A verbatim restatement of the data, free of pictures, is what you should output.

GIVEN MATERIAL Start Marker

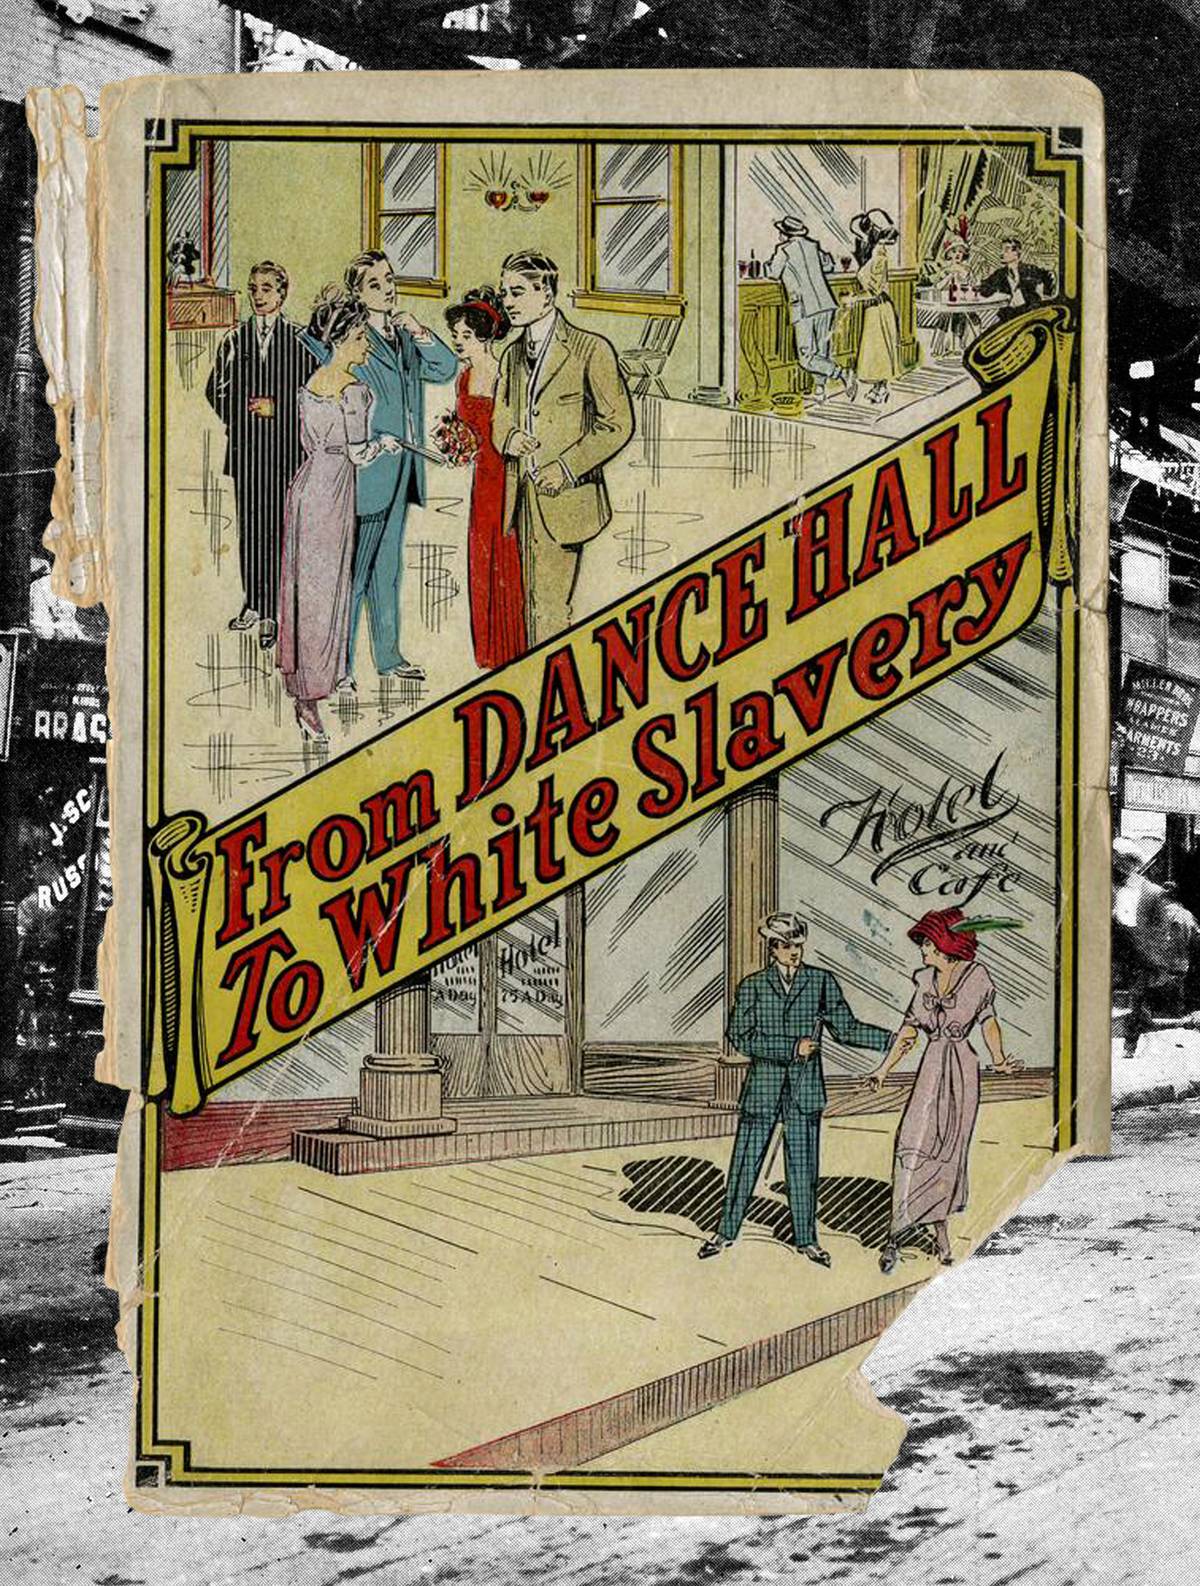 The cover of ‘From Dance Hall to White Slavery,’ by John Dillon. This 1913 book told ‘ten dance hall tragedies,’ cautionary tales about women led to prostitution.
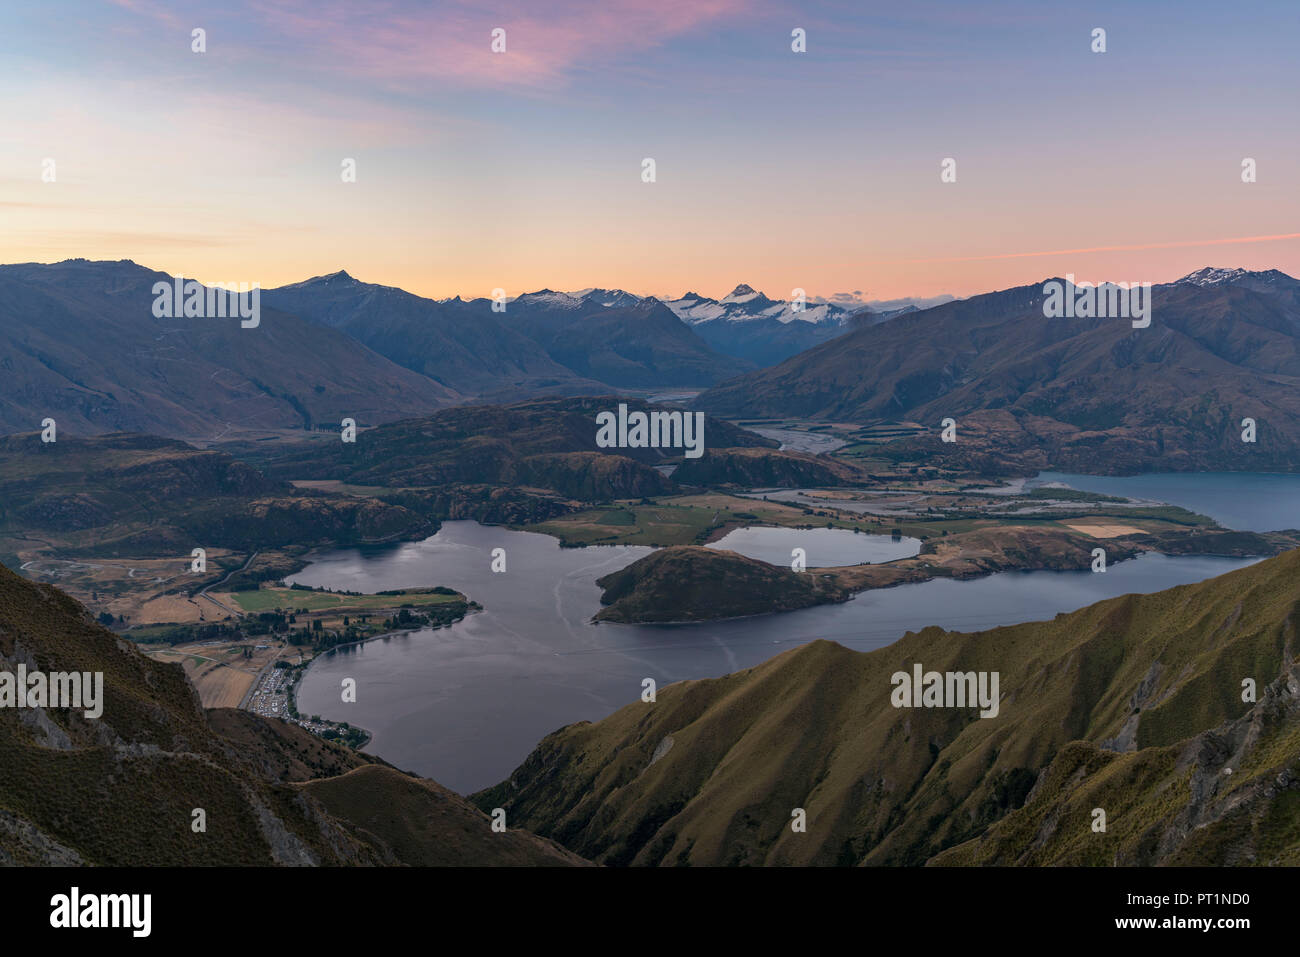 View of Glendhu Bay and Mt aspiring NP from Roys Peak lookout at sunset, Wanaka, Queenstown Lakes district, Otago region, South Island, New Zealand, Stock Photo
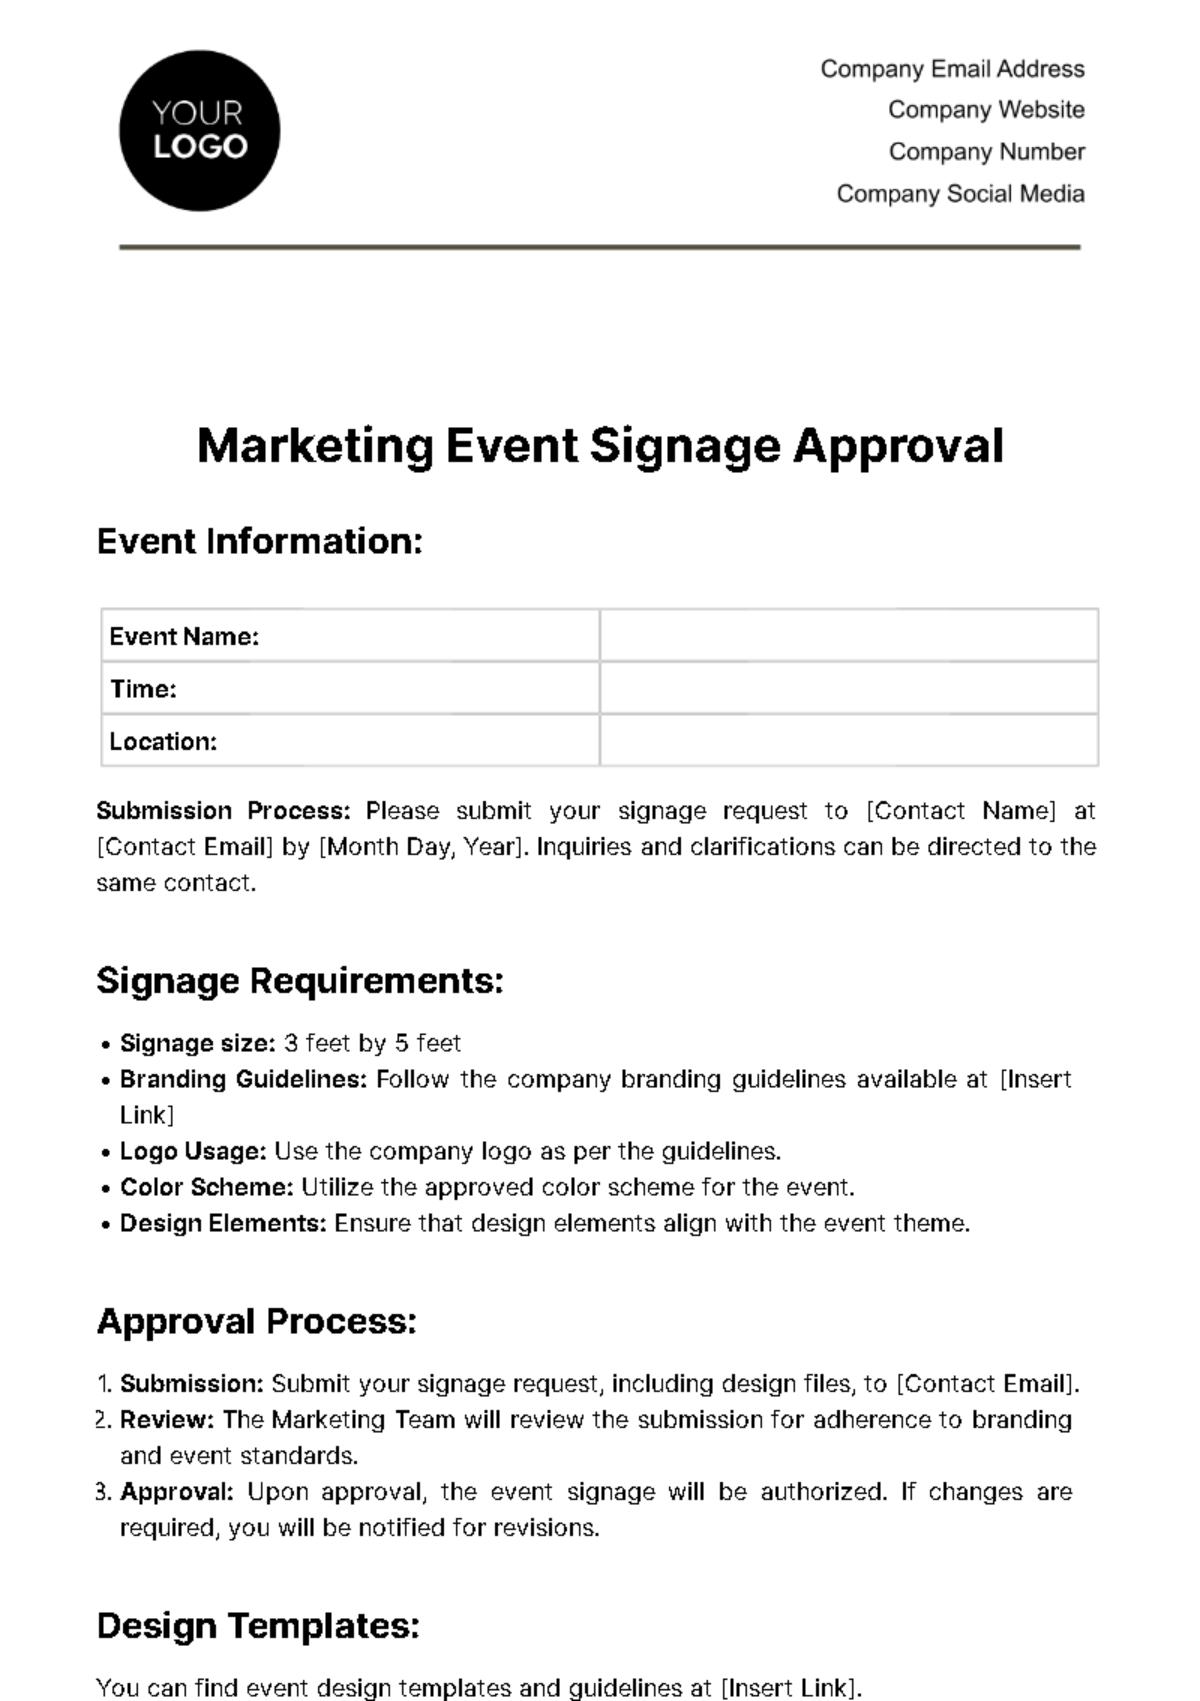 Free Marketing Event Signage Approval Document Template
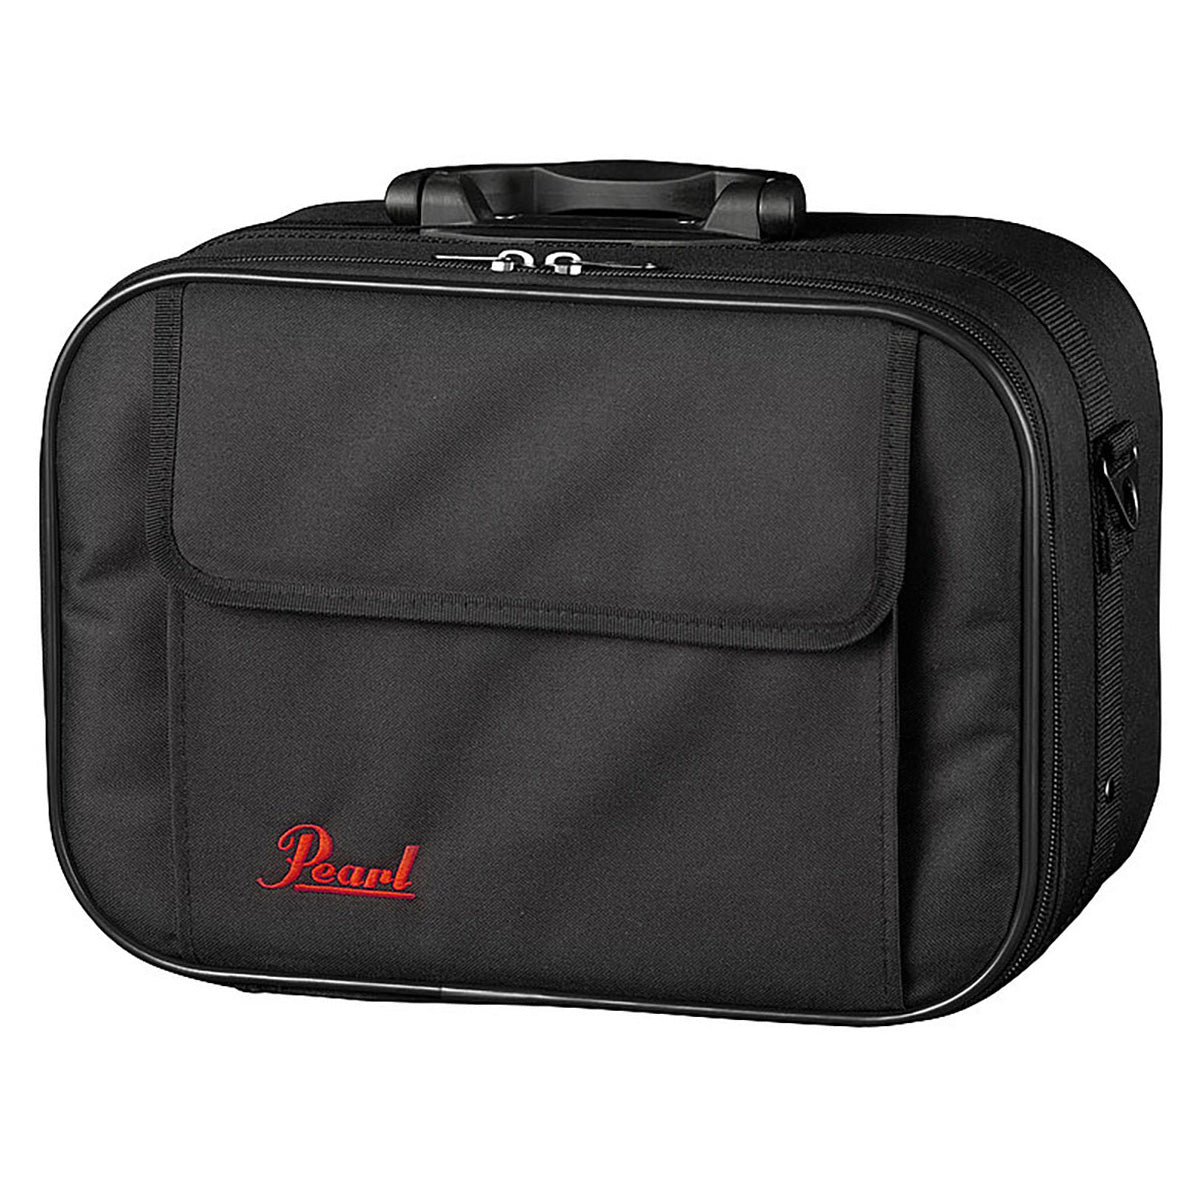 Carrying case for the Pearl P2050C Eliminator: Redline Single Bass Drum Pedal

GIVEN MATERIAL End Marker

(RESPONSE AREA):
 The cover of ‘From Dance Hall to White Slavery,’ by John Dillon. This 1913 book told ‘ten dance hall tragedies,’ cautionary tales about women led to prostitution.
 View of Glendhu Bay and Mt aspiring NP from Roys Peak lookout at sunset, Wanaka, Queenstown Lakes district, Otago region, South Island, New Zealand, Stock Photo
 Free Marketing Event Signage Approval Document Template
 Carrying case for the Pearl P2050C Eliminator: Redline Single Bass Drum Pedal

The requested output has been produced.